Obamacare’s defenders argue that reimbursement cuts and a new Medicare super-committee empowered to drive Medicare reforms from the top down will usher in productivity savings, as hospitals and doctors become more efficient to make up for lost revenue. In a market environment, where firms compete for consumer dollars based on price and quality, this might actually happen. But in Obama’s post-reform world, the competition will be fought most fiercely on K Street, as interest groups lobby Congress, the Department of Health and Human Services, and Medicare officials to tilt the rules (and spending) in their favor.
At the end of the day, President Obama has won the biggest expansion of the government since Medicare’s creation in 1965. What should conservatives do next?
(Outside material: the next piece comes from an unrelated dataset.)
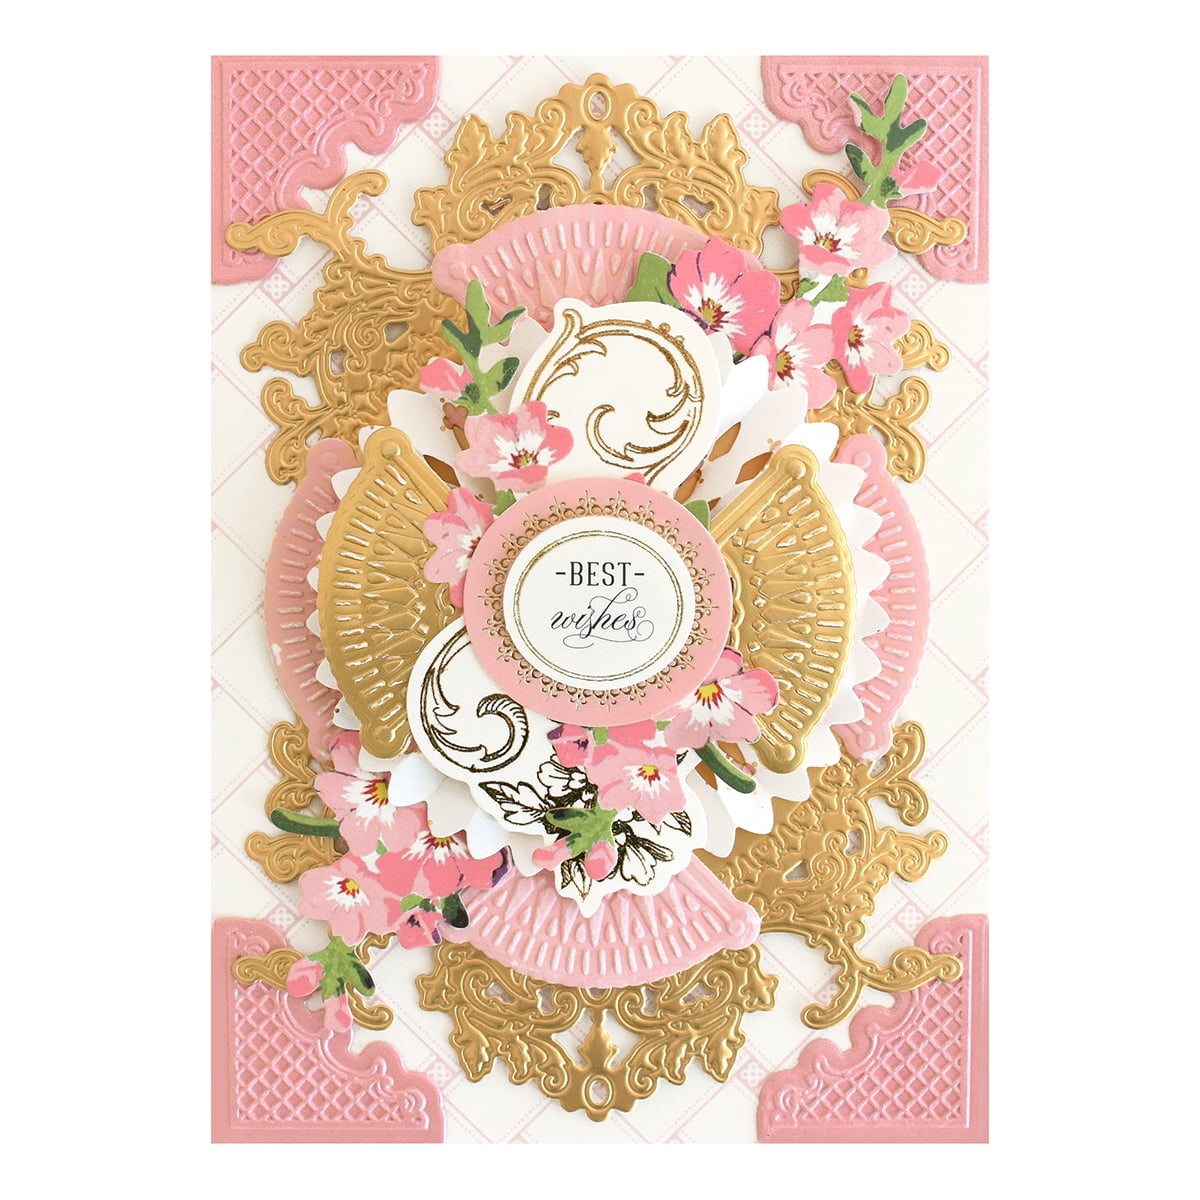 a pink and gold card with flowers on it.

While repeal sounds like an attractive line of attack, it would be extremely difficult—requiring a supermajority in Congress—especially once the subsidy spigot opens in 2014. Moreover, America’s health-care woes would still need to be addressed. The more sensible approach might be to reform the reforms: to take the shell of Obamacare and make it market-friendly.
Conservative policymakers could replace the sliding-scale subsidies (which discourage work with high marginal tax rates) with a single flat-tax deduction or tax credit, funded by phasing out the employer tax deduction. Risk pools can be expanded with federal dollars and made permanent to cover the highest-cost patients who can’t afford to buy their own insurance without help. Real interstate competition would help lower insurance costs. Exchanges are a sound idea but should be lightly regulated to hold down prices. The federal government should also concentrate on creating transparency in health care so that consumers can easily compare price and quality. Finally, medical malpractice reform would help reduce the practice of defensive medicine, saving billions every year.
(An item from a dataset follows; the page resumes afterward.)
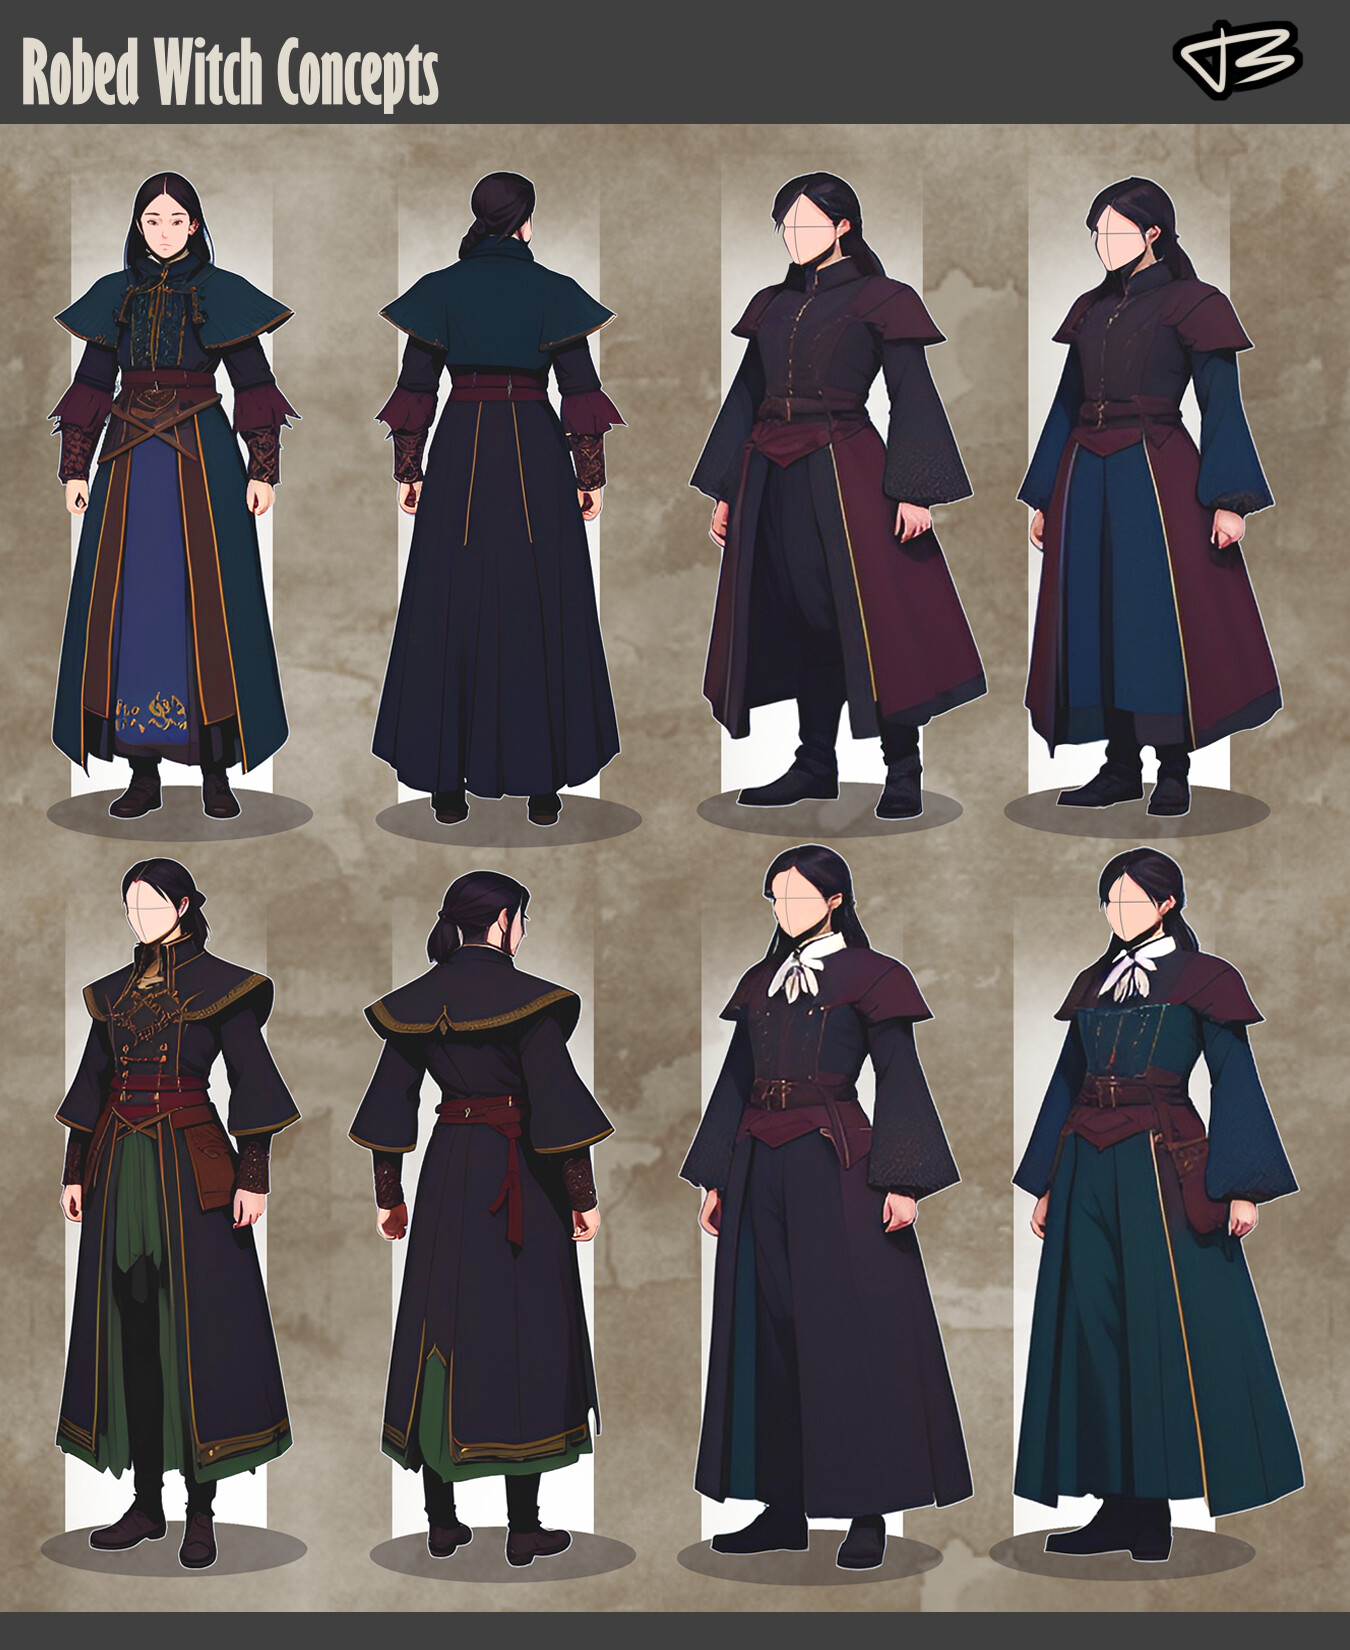 ArtStation - Robed Witch Concepts

Further, Medicare reform must be separated out from health-care reform. The temptation to squeeze one entitlement to fund another is just too powerful. Instead, we should gradually transform Medicare into a premium-support initiative for private insurance, in which seniors choose their own private plans based on price and coverage. Medicare’s Part D already operates this way.
The battle over Obamacare has been fierce, bitter, and highly partisan. It’s not likely to end now; on the contrary, the legislation’s design guarantees fights for years to come. Conservatives should strive not just to fix its worst features, but more broadly to make health care better for all Americans.